As you may have noticed we now have a donation link that has popped up.


We are also offering a little butterfly pin to anyone who makes a donation (as long as you provide me with an address to send one to).


You can obviously donate what you wish to help fund FF in its day to day running costs but if you would just like a pin then a minimum donation of £5 would be appreciated to cover postage costs.
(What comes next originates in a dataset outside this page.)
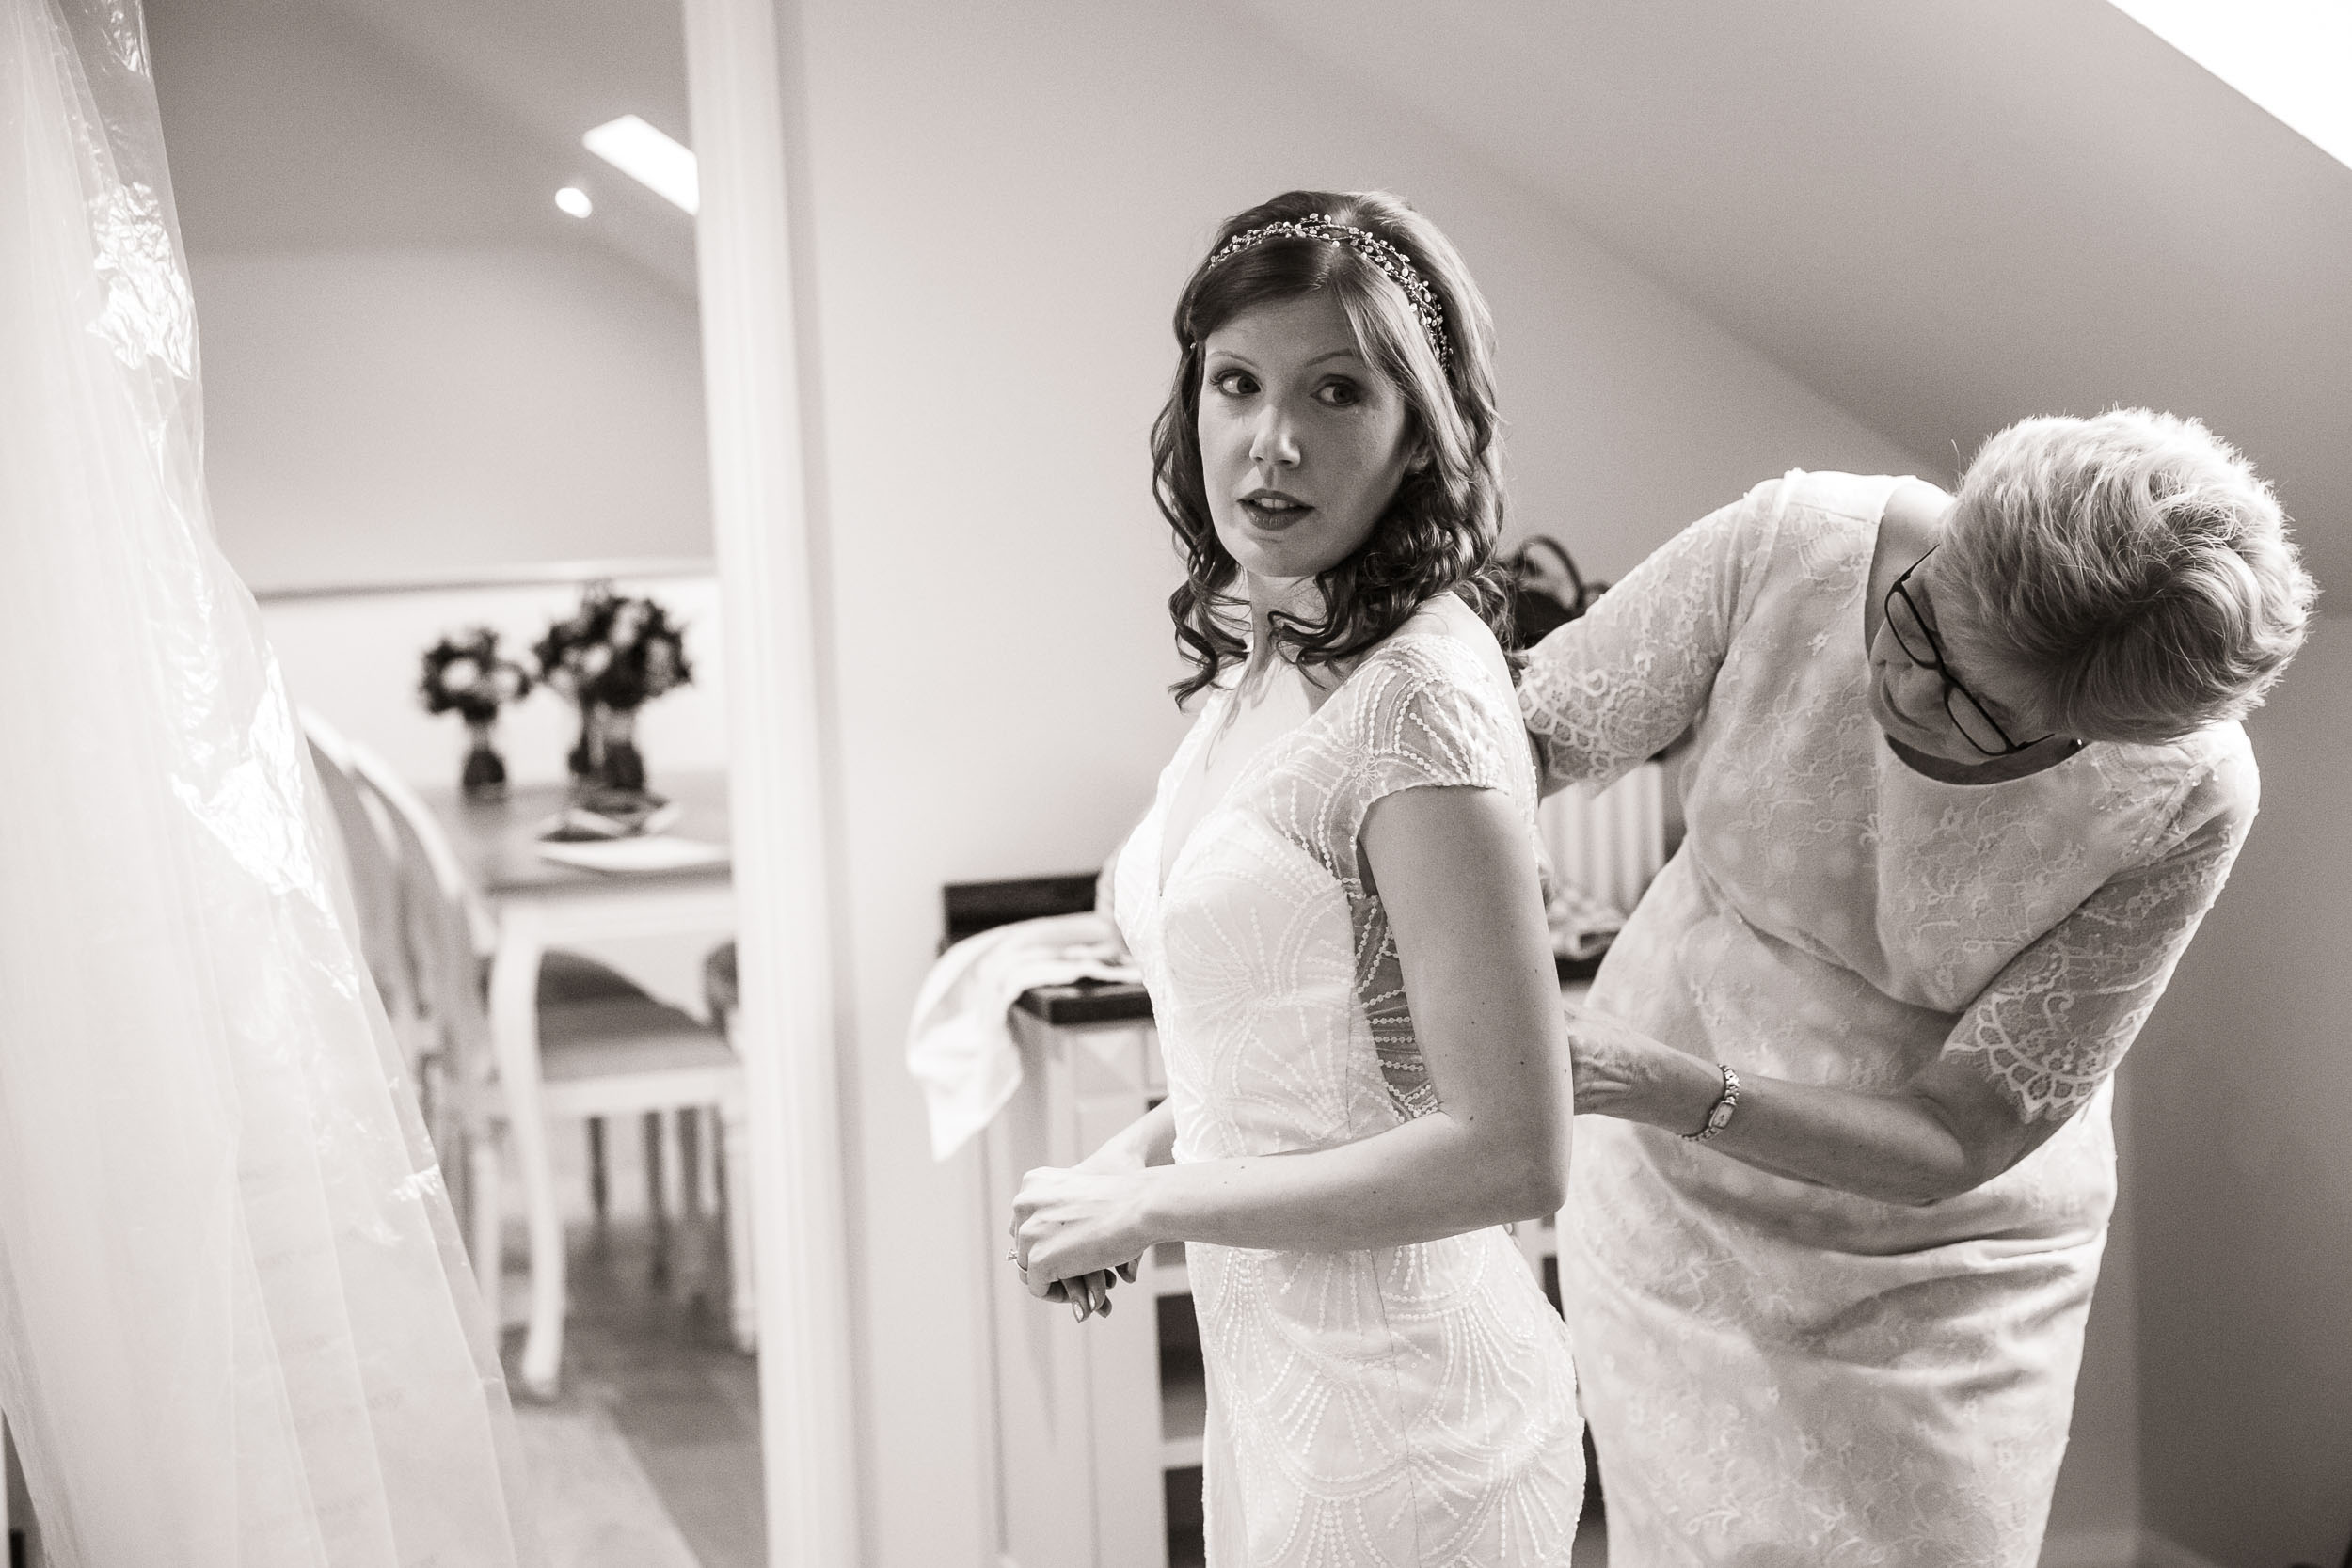 micklefield-hall-wedding-photographer 010.jpg

The unique pins that were designed by FF have been used previously so that members of FF can recognise each other in clinics  


Any donation is appreciated by us at FF.


Mel
x


----------



## Dee55 (May 3, 2013)

Thanks Mel x


----------



## Mel (Jan 1, 2002)

Thank you to those who have made a small contribution to FF and towards the postage of the pins, they are all packaged and ready to be posted out to you tomorrow.



Mel
x


----------



## DaughterofLilith (Apr 4, 2005)

...sorry if I'm asking the obvious Mel - do we have to send you a PM with our postal address or will it be sent to you by PayPal with the donation?  When I have paid by PayPal at other sites, Paypal automatically forwarded my postal address to the seller.  Many thanks!


----------



## Anthony Reid (Jan 1, 2002)

Hi,

We have had issues in the past where people have moved and haven't updated their paypal address. If yours is correct then no need to PM Mel the address 

Tony


----------



## Vixxx (May 3, 2009)

Another question:  Does this mean there is no longer the Charter VIP / Member Sponsor option?  Thanks.


----------



## Mel (Jan 1, 2002)

Vixxx said:


> Another question: Does this mean there is no longer the Charter VIP / Member Sponsor option? Thanks.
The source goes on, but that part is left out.